Pour Zack Whittaker, un journaliste du site américain TechCrunch, l’attaque informatique dont a été victime Capital One n’a rien d’une surprise. C’était même « inévitable », écrit-il. « Sur le plan législatif, rien n’a changé. Equifax demeure une victime aux yeux de la loi comme elle l’était auparavant – techniquement, mais au grand dam des millions de personnes touchées qui ont été forcées de geler leur crédit par la suite », regrette-t-il.

 

A l’échelle mondiale, les établissements financiers sont la cible de cyberattaques de plus en plus récurrentes et sophistiquées.

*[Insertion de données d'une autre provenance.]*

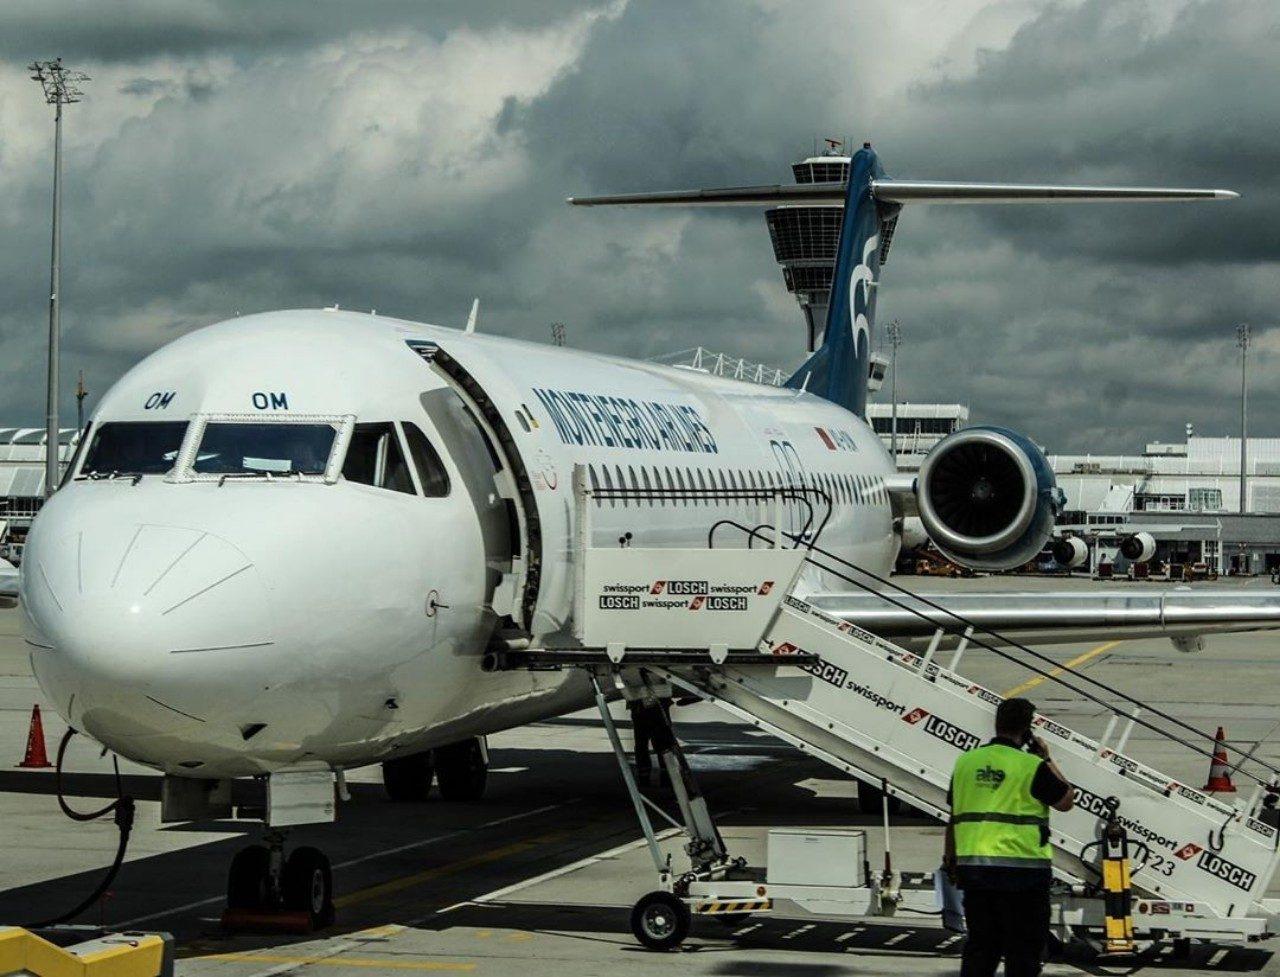 Radno vrijeme Montenegro Airlinesa tokom praznika
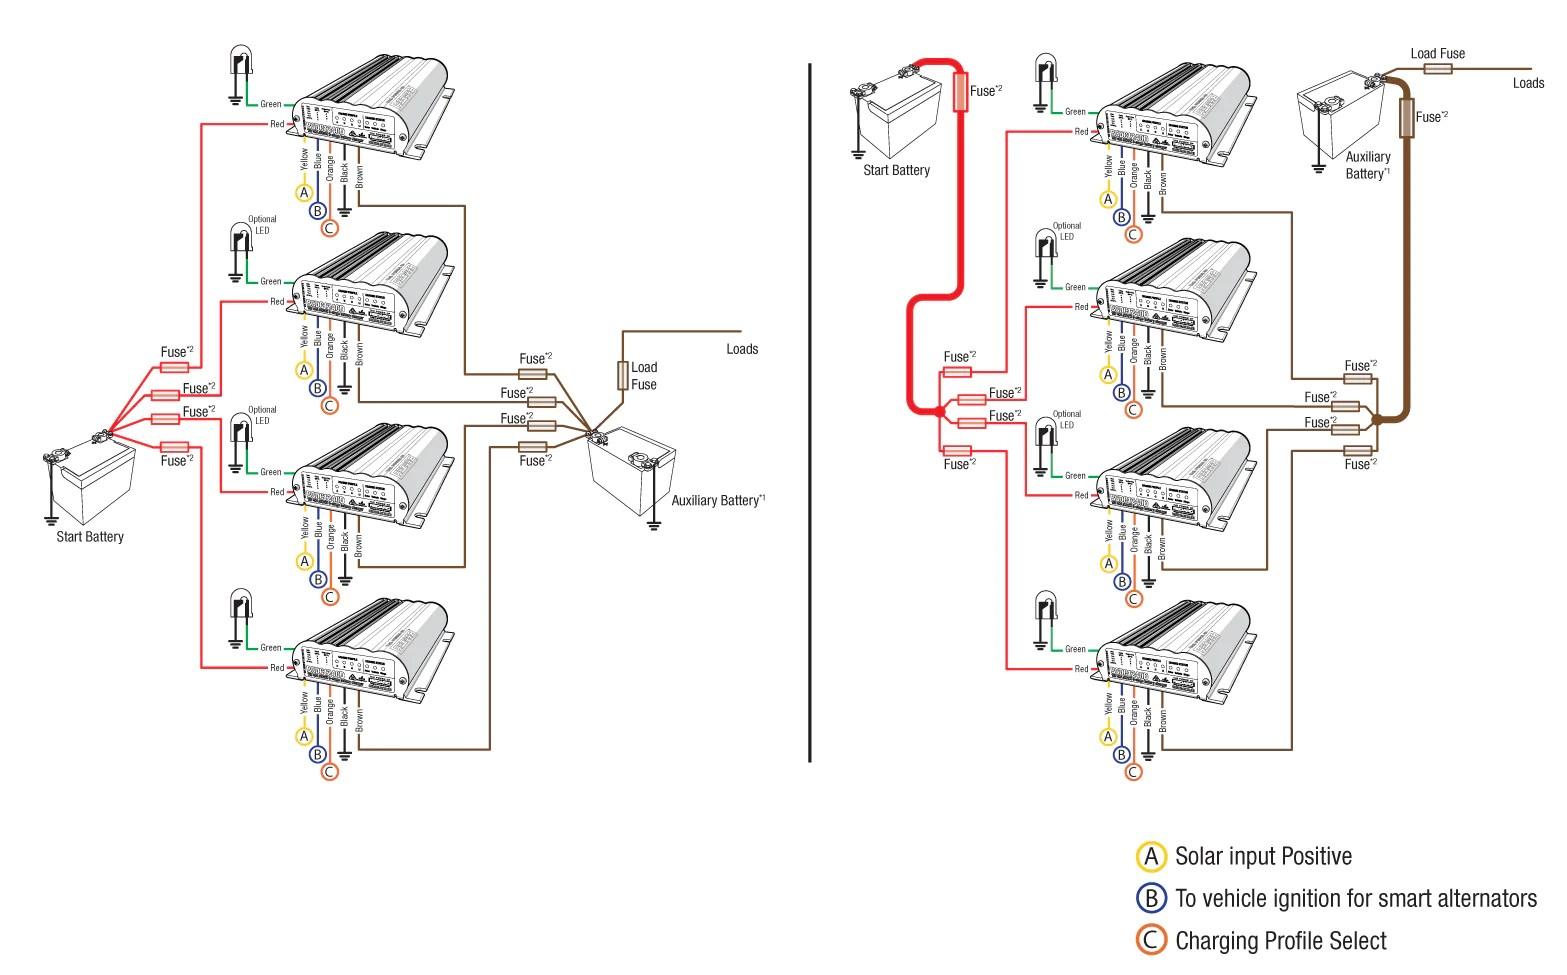 Rv Battery Wiring Diagram Besides Rv Parallel Battery Wiring Diagram

Au cours d’une période de 15 mois à compter de juillet 2017, 66 incidents de sécurité informatique majeurs ont été signalés à la BCE. La première cyberattaque d’ampleur ciblant un établissement bancaire européen remonte à 2016. Les comptes de 40.000 clients de Tesco Bank, filiale de la chaîne de supermarchés britanniques, avaient été piratés, dont 20.000 auraient subi des retraits frauduleux. Il y a deux ans, les données bancaires de 400.000 clients de l’italien UniCredit avaient été piratées. En mai dernier, le ministre de l’Economie Bruno Le Maire, et le patron de la cybersécurité française, Guillaume Poupard, avaient appelé, dans le cadre du G7 finances, à plus de coordination entre les différentes banques pour faire face aux attaques informatiques de plus en plus virulentes et se protéger d’un risque systémique.